Abstract

Brittleness index is one of the critical geomechanical properties of unconventional reservoir rocks to screen effective hydraulic fracturing candidates. In petroleum engineering, brittleness index can be generally calculated from the mineralogical composition by X-ray diffraction (XRD) test or rock mechanical parameters by tri-axial experiments and well logs. However, mineral composition analysis or tri-axial experiments cannot produce continuous brittleness profile. Well log-based brittleness index prediction conventionally relies on Young's modulus and Poisson's ratio, but sometimes shear compressional velocity is not available to derive elastic inputs for the brittleness index calculation. This study proposes some data-driven practical brittleness prediction approaches based on back-propagation artificial neural network (BP-ANN), extreme learning machine (ELM) and linear regression using commonly available conventional logging data and lab mineralogical-derived brittleness. A dataset of 71 mineralogical-derived brittleness measurements from Silurian Longmaxi marine shale, Jiaoshiba Shale Gas Field, Sichuan Basin, China were established. The model comparisons and error analysis reveal that the application of artificial intelligence models can be more effectively applied to brittleness prediction compared with simple regression correlations.
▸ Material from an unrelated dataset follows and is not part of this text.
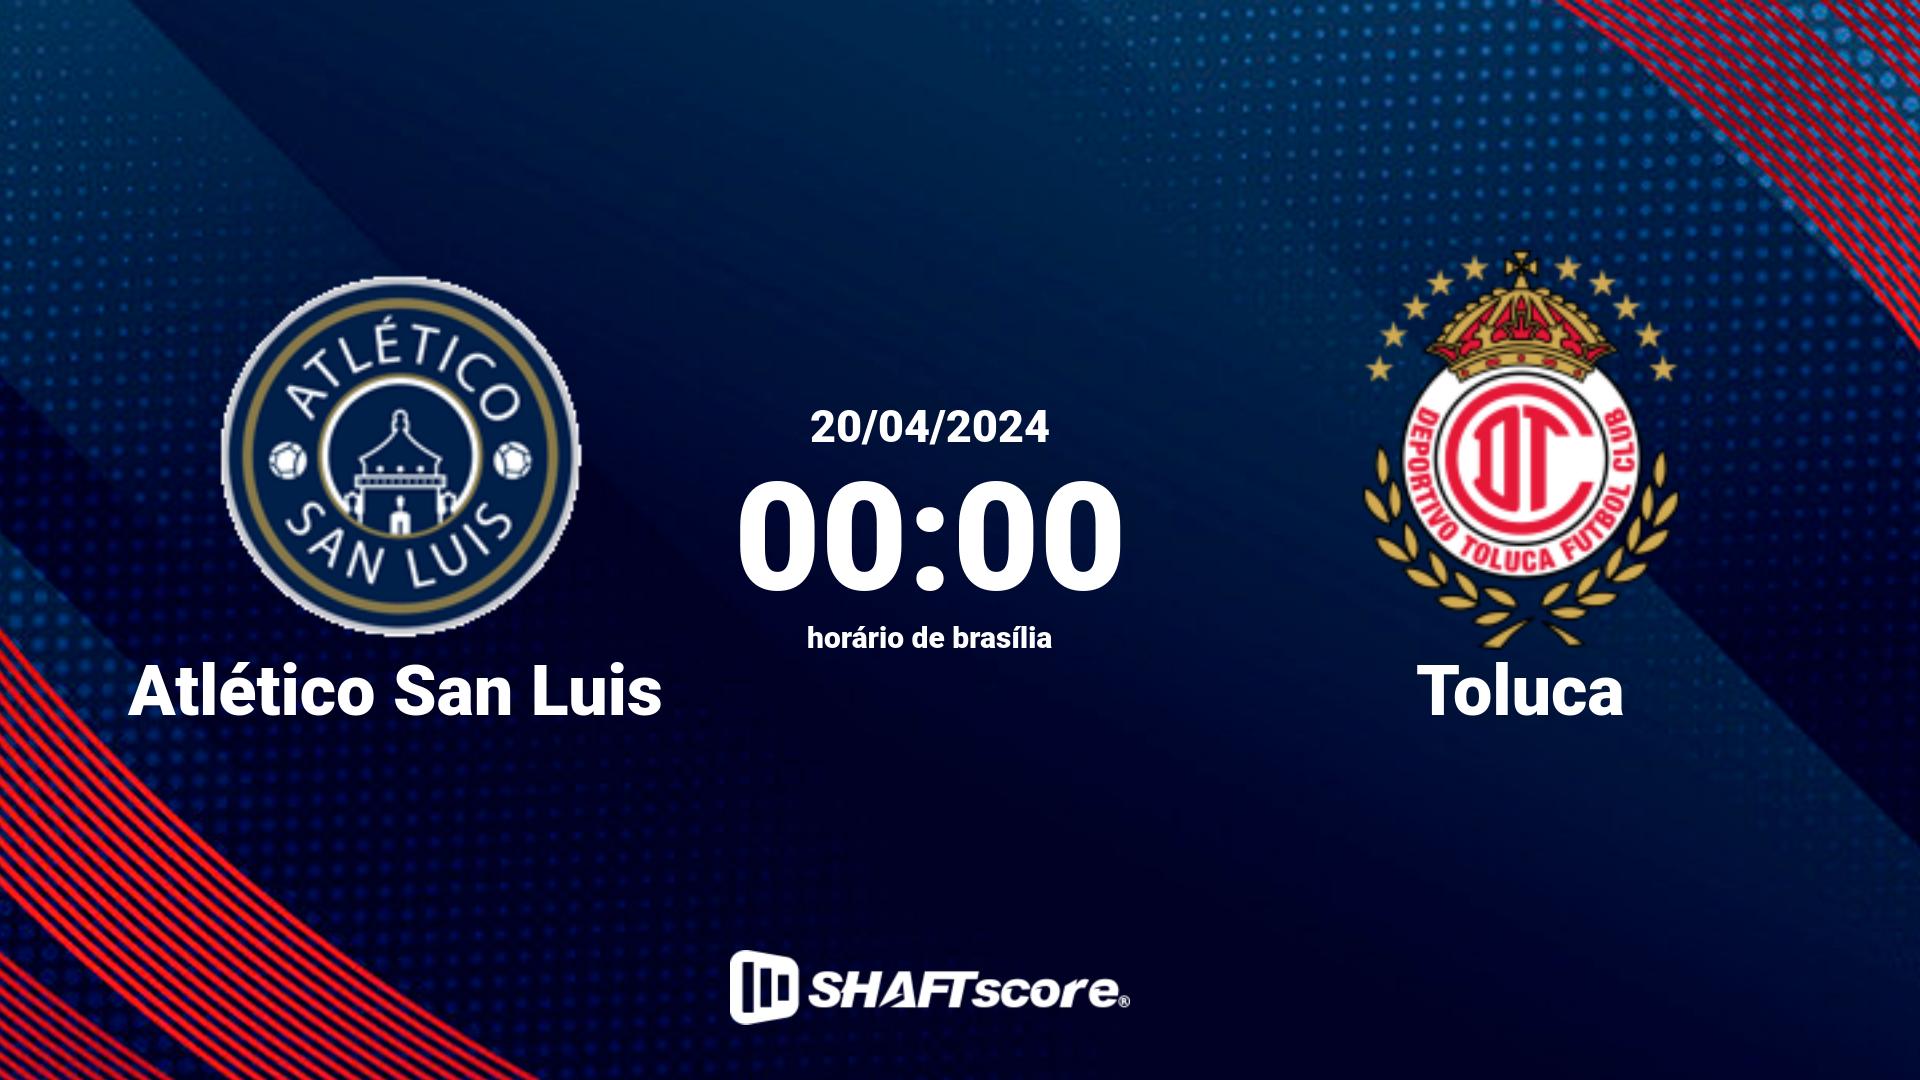 Estatísticas do jogo Atlético San Luis vs Toluca 20.04 00:00

Both BP-ANN and ELM models are competent for brittleness prediction while BP-ANN model can produce slightly better brittleness prediction results with same inputs and ELM model require less running time. Thus, more choices can be made according to accuracy and computational speed demand. Moreover, an overall ranking of sensitivity degree is then provided to show the impacts of different well logs as inputs on the BP-ANN and ELM model, which is helpful to find optimal inputs in given case. Comparing to traditional well-log based brittleness approaches, data-based approaches show its wider applications because the integration of mineralogical composition and well log information can provide continuous brittleness profile in terms of high accuracy while acoustic full waveform velocities are no longer necessary inputs in brittleness evaluation.